The Top 5 Guerilla Job Marketing Campaigns

Job marketing is slowly gaining traction with recruiters, who are realising that it is possible to reach candidate audiences without them having to first visit a job board.

There are many great examples of job marketing from around the world, here are my top 5:

Uber

Uber have really stirred up their industry and they are also doing the same with recruitment. If you ignore the accusations of cancelling rides and look at the undercover recruiter concept (Uber recruiters travel with drivers from competing businesses and then try to recruit them), it really is an incredibly simple and effective recruiting solution. Their concept is easily transferable to other sectors, imagine a retail bank recruiter opening an account with a competitor or a flight attendant recruiter flying with a competing airline.

Volkswagon

Uber may well have taken their inspiration from VW. Created by an advertising agency, this campaign involved a young lady taking her car into multiple vehicle workshops throughout Holland. On the underside of her car was a recruitment message (Wanted Mechanics) and a web address.

Ikea 

Again showing that job marketing doesn’t need to be complicated, Ikea inserted Assemble Your Future leaflets into their flat packs.

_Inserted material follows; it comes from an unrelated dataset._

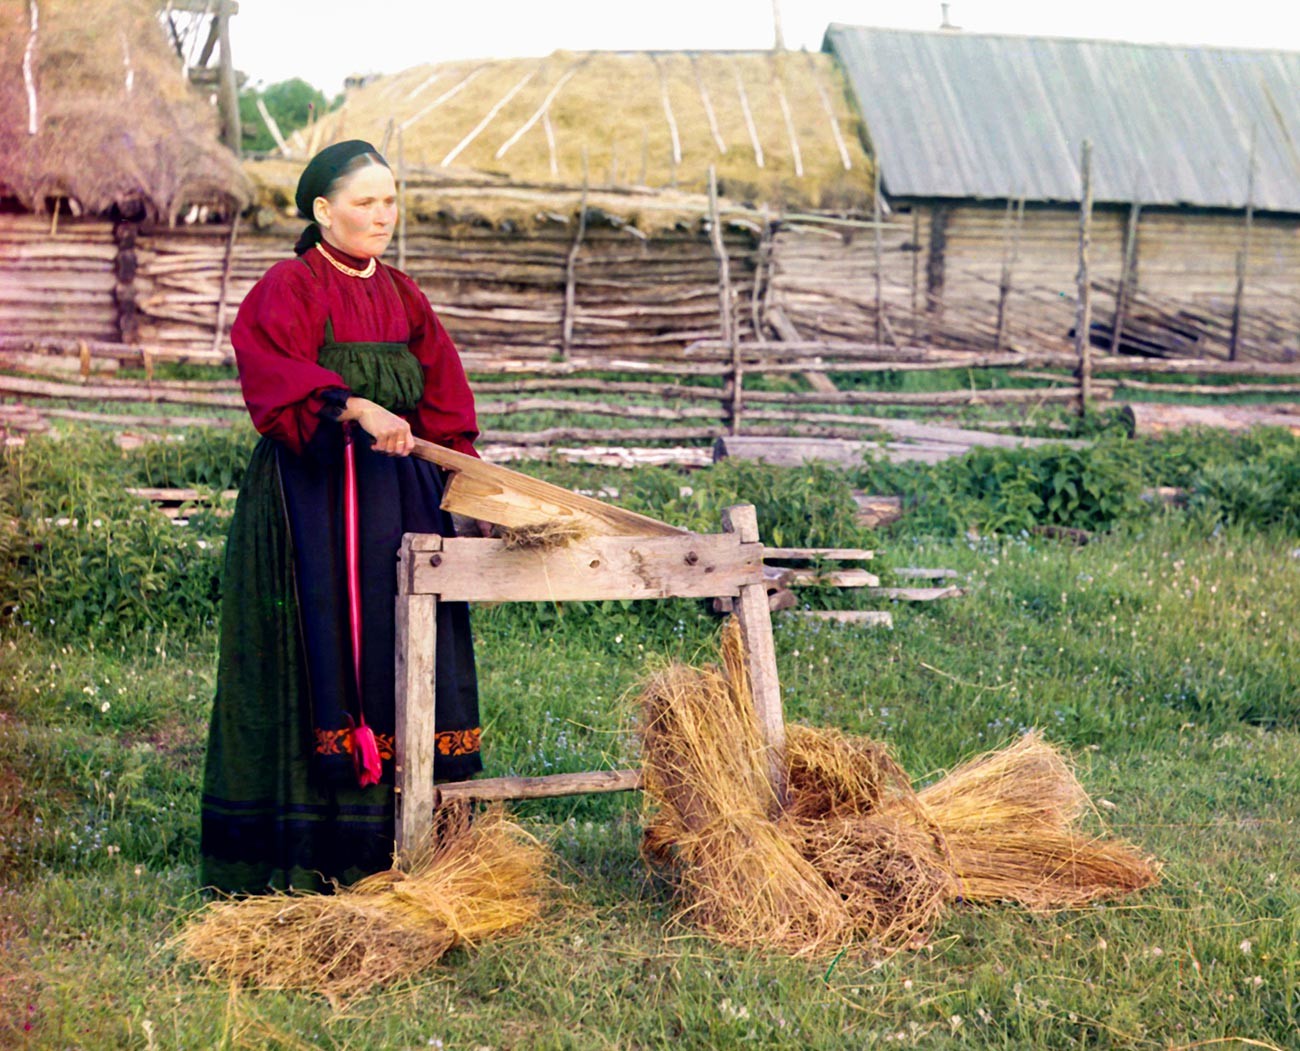 A peasant woman beating linen, early 20th century

This ensured every customer was aware that they were recruiting. Watch the video

Restaurant Binnen

This campaign is hard to verify, but the premise that doing something very basic can raise awareness, got this into the top 5. Instead of using traditional ‘wanted’ adverts on the restaurant door or adverts on job boards, this restaurant printed red lipstick and a recruitment message for a dishwasher on their beer glasses.

Google

A list wouldn’t be complete without Google, but even though this is 10 years old, it still feels pretty cutting edge compared with most recruitment campaigns.

Google commissioned a Silicon Valley billboard that would host a puzzle designed to appeal to their target audience (people who generally like mathematical puzzles!).

Once the puzzle was solved the participant was presented with a URL that led to another online puzzle, all this before they were even told it was a recruiting campaign for Google.